Every element of $G$ is expressed uniquely as a "reduced word" meaning a sequence of the form $\alpha_{i_1} .... \alpha_{i_k}$ in which any two consecutive letters $\alpha_{i_j} \alpha_{i_{j+1}}$ are unequal. The identity corresponds to the empty word with $k=0$.
Every conjugacy class in $G$ has a representative which is expressed semi-uniquely as a "cyclically reduced word" meaning that it is reduced and $b_{i_m}, b_{i_1}$ are unequal; by "semi-unique" I mean that such a representative of the conjugacy class is unique up to cyclic permutation of the word.
Okay, so, the first step is to express the conjugacy class of each element of $A$ as a cyclically reduced word, and then take $k$ to be the maximum length of those words.
Here's a particularly simple construction if $m \ge 4$.
Pick distinct reduced words $w,v$ of length $>k$ such that the starting and ending letters of $w$ and $v$ are 4 different letters, for example: $$w = (\alpha_1 \alpha_2)^k \alpha_3 $$ $$v = (\alpha_2 \alpha_3)^k \alpha_4 $$ It follows that every nontrivial reduced word in the letters $w$ and $v$, after substitution, becomes a cyclically reduced word in the letters $\alpha_1,\ldots,\alpha_4$, and furthermore it has length $\ge k$. For example $$w^{-1} v = \alpha_3 (\alpha_2 \alpha_1)^k (\alpha_2 \alpha_3)^k \alpha_4 $$ Therefore, the group $\langle w,v \rangle$ is a rank 2 free group and every nontrivial element in it is cyclically reduced of length $> k$, hence is not conjugate to any element of the set $A$.

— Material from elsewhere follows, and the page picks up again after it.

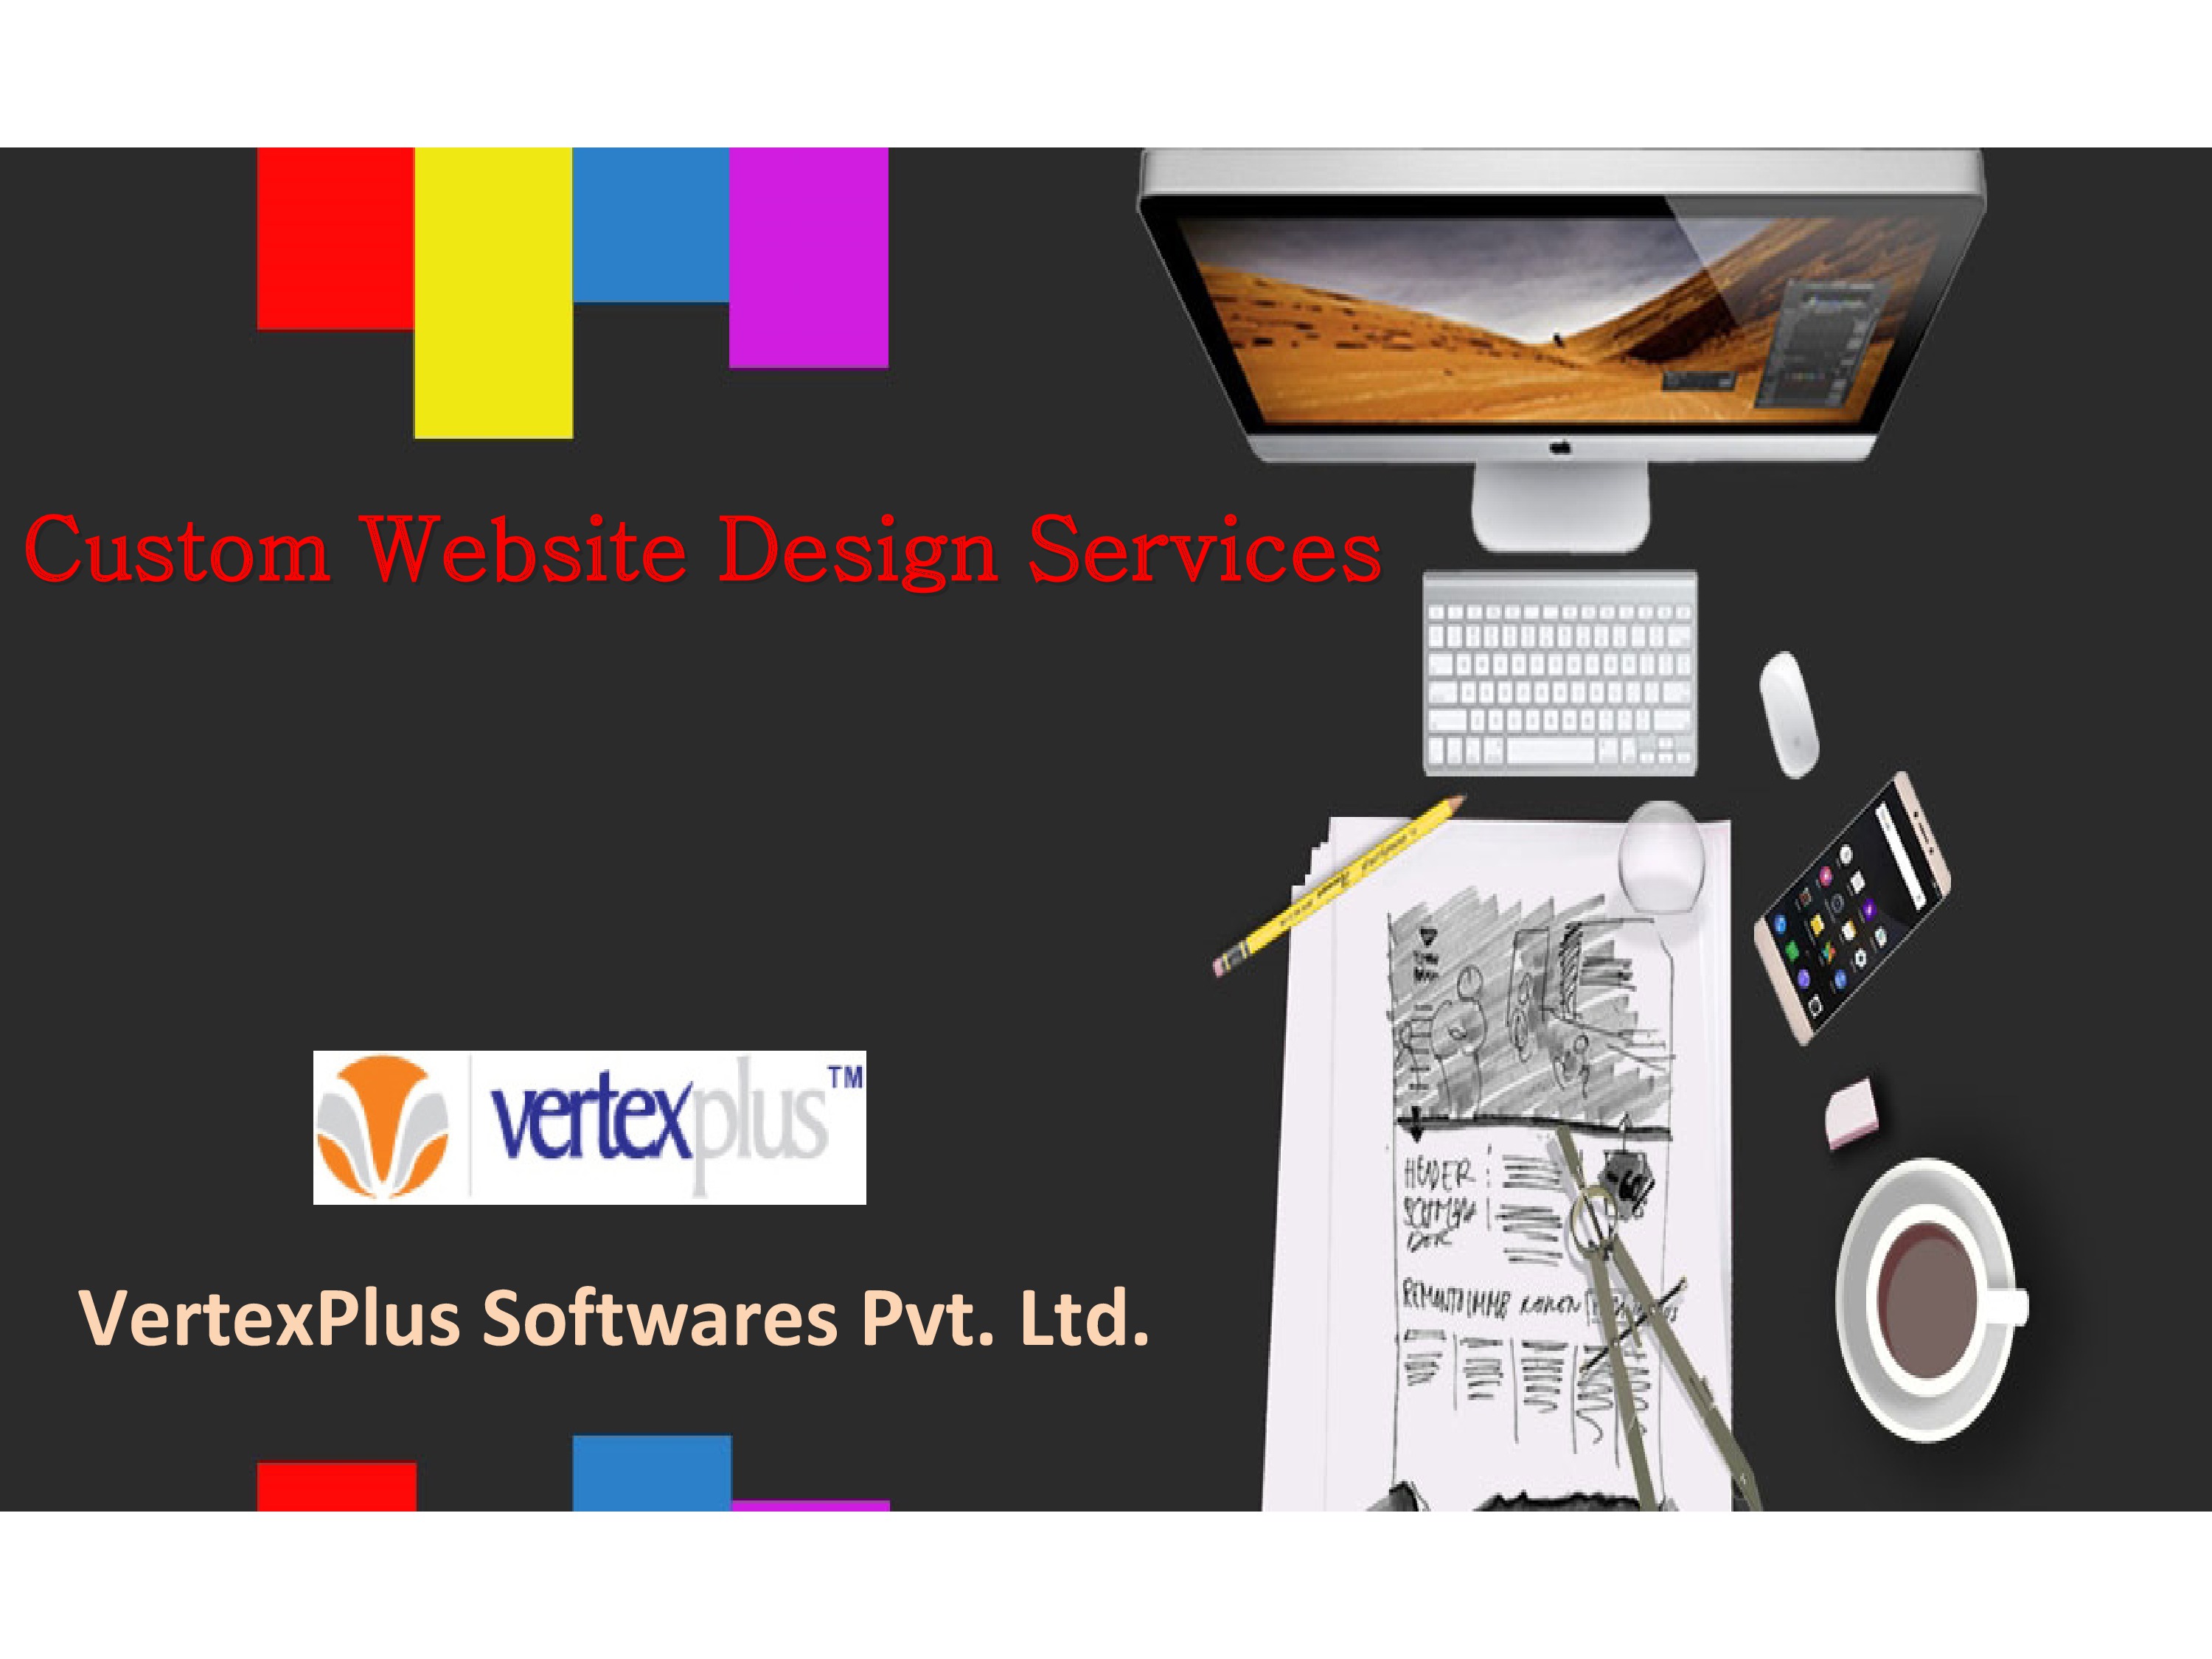 Web Design Company India || VertexPlus Softwares Get custom website design services to make great online presence worldwide!!! For more  details visit http://www.vertexplus.com/website-designing.
 by vertexplus

If $m=3$ it's not possible to choose $w,v$ in such a simplistic manner. But one can choose the $w,v$ to be long reduced words (of length $\ge k + 4$) in the letters $\alpha_1,\ldots,\alpha_3$ so that each of the concatenations $ww$, $vv$, $wv$, $wv^{-1}$, $vw$, $vw^{-1}$ produces a word in $\alpha_1,\alpha_2,\alpha_3$ with short cancellation (at most $2$ letters are cancelled). It then follows that each reduced word in the symbols $w,v$ evaluates to a word in the letters $\alpha_1,\alpha_2,\alpha_3$ whose cyclic reduction has length $\ge k+2$, and so is nontrivial and not conjugate to any element of $A$.
As Lee Mosher says this is not possible if $m \le 2$. If $m \ge 3$ we can argue a bit differently as follows. $G$ is residually finite (proof), so we can find a normal subgroup $N$ of finite index not containing any finite set of non-identity elements, in particular the set $\{ \alpha_i \alpha_j \}$. Since $N$ is normal it doesn't contain any conjugates of those elements either. It remains to show that $N$ contains a free nonabelian subgroup.
By the Kurosh subgroup theorem, $N$ is a free product of finitely many copies of $\mathbb{Z}$ and $\mathbb{Z}/2$. It has a natural map to the direct product of the copies of $\mathbb{Z}/2$ only, whose kernel is a normal subgroup $N'$ of finite index which is free (this follows from some stuff about coverings of graphs of groups, or equivalently a slightly more precise form of the Kurosh subgroup theorem). Since $N'$ has finite index in $G$ it must be nonabelian (this is where we use the hypothesis that $m \ge 3$), e.g. because $G$ is not virtually abelian, or using the fact that the orbifold Euler characteristic $\chi(G) = \frac{m}{2} - (m-1) = 1 - \frac{m}{2}$ is negative.